Maria-Antonietta Macciocchi, figure intellectuelle

Transcription

Maria-Antonietta Macciocchi, figure intellectuelle
Dans le cadre du 40e anniversaire de l’Université Paris 8 : Journée-hommage à
« Maria-Antonietta Macciocchi, figure intellectuelle et
passeur politique des années Vincennes »
6 Conférences-débats - Mardi 7 avril 2009 – Amphi X
et une exposition à la Bibliothèque Universitaire – du 6 avril au 10 mai 2009
Organisateur
Bibliothèque de l’Université de Paris 8 –Saint Denis
Direction scientifique : Marie-Cécile Bouju (Conservateur des bibliothèques, Université Paris IV),
[email protected]
Brigitte Dujardin (Conservateur des bibliothèques, Université Paris 8)
[email protected]
Organisation : François Férole ([email protected])
En partenariat avec le Centre de Restauration et de Sauvegarde des Archives Vidéo-Laboratoire VAO
(Marie-Françoise Garaudet, Patrice Besnard)
Présentation
Maria-Antonietta Macciocchi est décédée le 15 avril 2007 à Rome à l’âge de 84 ans. A
l’automne 2007, sa fille, Giorgina Amendola Cascavilla, a fait don au Service commun de la
documentation de l’Université de Paris 8 de la bibliothèque parisienne de sa mère, soit
environ 2000 volumes (livres et revues) mais aussi cinq dossiers d’archives et un petit
ensemble de photographies.
Ces deux faits ont coïncidé avec le lancement du projet des Commémorations du quarantième
anniversaire de la fondation de l’Université de Vincennes. Cette concordance constitue, pour
la bibliothèque de Paris 8, l’occasion de revenir sur une figure particulière d’intellectuelle
dont l’histoire a été liée, un moment, à l’expérience vincennoise.
M.A.Macciocchi, suite à un conflit important qui l’opposa au Parti communiste italien dont
elle était membre, décida, au début des années 1970, de s’installer en France. Elle y fut
accueillie entre autres par l’université de Vincennes où elle enseigna dans le département de
Sociologie pendant quelques années. C’est aussi à Paris, à la Sorbonne, qu’elle soutint sa
thèse.
La bibliothèque de M.A.Macciocchi donne une image fidèle de ses préoccupations
intellectuelles, à la fois en tant qu’enseignante et que militante. Elle offre le fil conducteur
des thèmes et problématiques autour desquels la journée que nous proposons s’organisera.
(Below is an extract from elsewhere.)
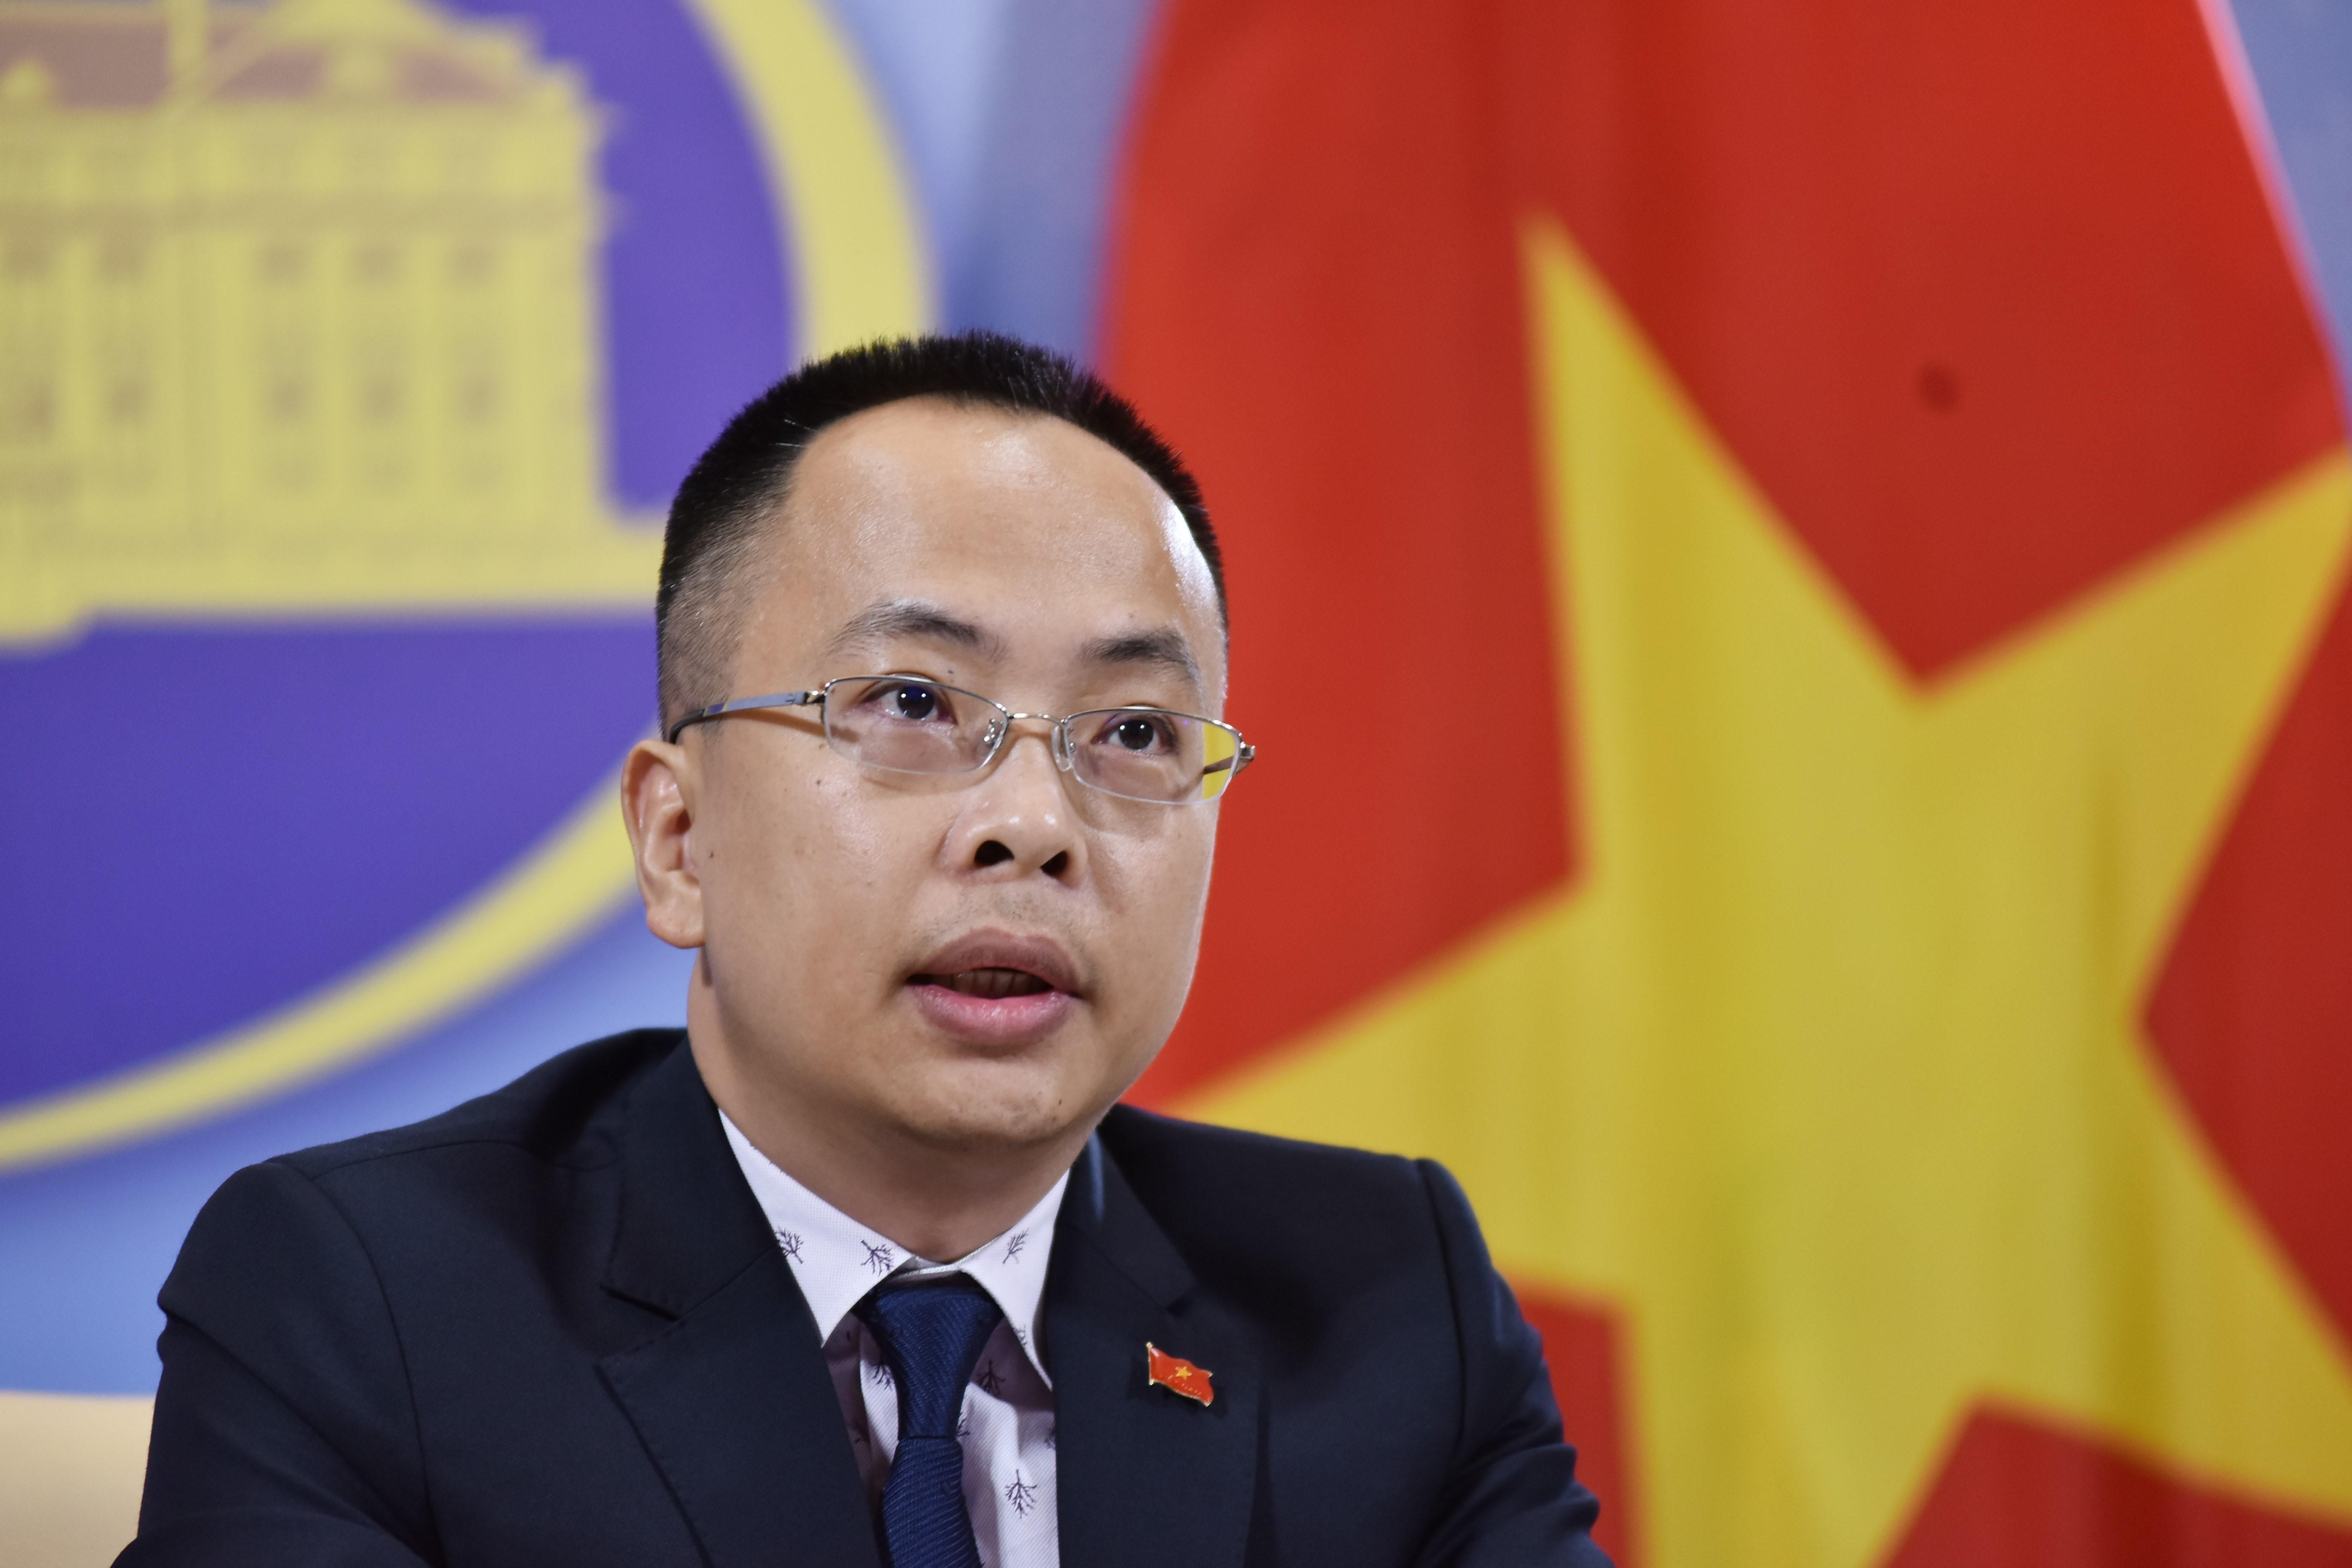 Vice-spokesman of Vietnam's Ministry of Foreign Affairs Doan Khac Viet. Photo: Vietnam News Agency

La venue de M.A.Macciocchi en France avait été précédée par la traduction de son livre sur la
Chine maoïste qui avait reçu à Paris un accueil enthousiaste. Ses séminaires vincennois
portèrent, eux, sur le phénomène fasciste, sur la pensée politique de Gramsci et, chose moins
connue, sur le cinéaste, écrivain et intellectuel Pier Paolo Pasolini. Ils ont donné lieu à des
publications françaises. Sa bibliothèque porte aussi les traces son intérêt pour l’histoire du
communisme, en particulier en Italie, pour le féminisme et pour l’Europe où elle fut élue
députée dans le cadre du Partito radicale.
On peut dire que M.-A. Macciocchi fut d’abord une intellectuelle militante qui se proposait
d’intervenir dans l’espace public pour y faire entendre sa voix. Elle fut également un écrivain
et une enseignante. Enfin, elle fut un passeur culturel et politique entre la France et l’Italie. A
cheval entre plusieurs genres et investie dans plusieurs rôles, on lui doit également d’avoir
jeté des ponts entre eux et contribué à tisser des réseaux intellectuels et politiques.
Les centres d’intérêt et les engagements multiples de M.-A. Macciocchi portent la marque
caractéristique de la période ouverte par le mouvement de Mai 68. Cette trajectoire typique est
passée, pendant un moment bref mais intense, par l’Université de Vincennes où elle a laissé
des traces significatives.
Cette journée s’efforcera donc de mettre au jour, à travers l’itinéraire de cette forte
personnalité, les caractéristiques historiques de cette époque et interrogera leurs éventuelles
résonances dans le monde contemporain.
Programme des conférences
Matin
9h45
Accueil des intervenants par Carole Letrouit, Directrice du SCD de Paris 8
Présentation de la journée par Marie-Cécile Bouju
10-10h30
Marie-Cécile Bouju, Université Paris-Sorbonne (Paris IV) et Olivier Fressard, Université Sorbonne
Nouvelle (Paris 3), Conservateurs des bibliothèques.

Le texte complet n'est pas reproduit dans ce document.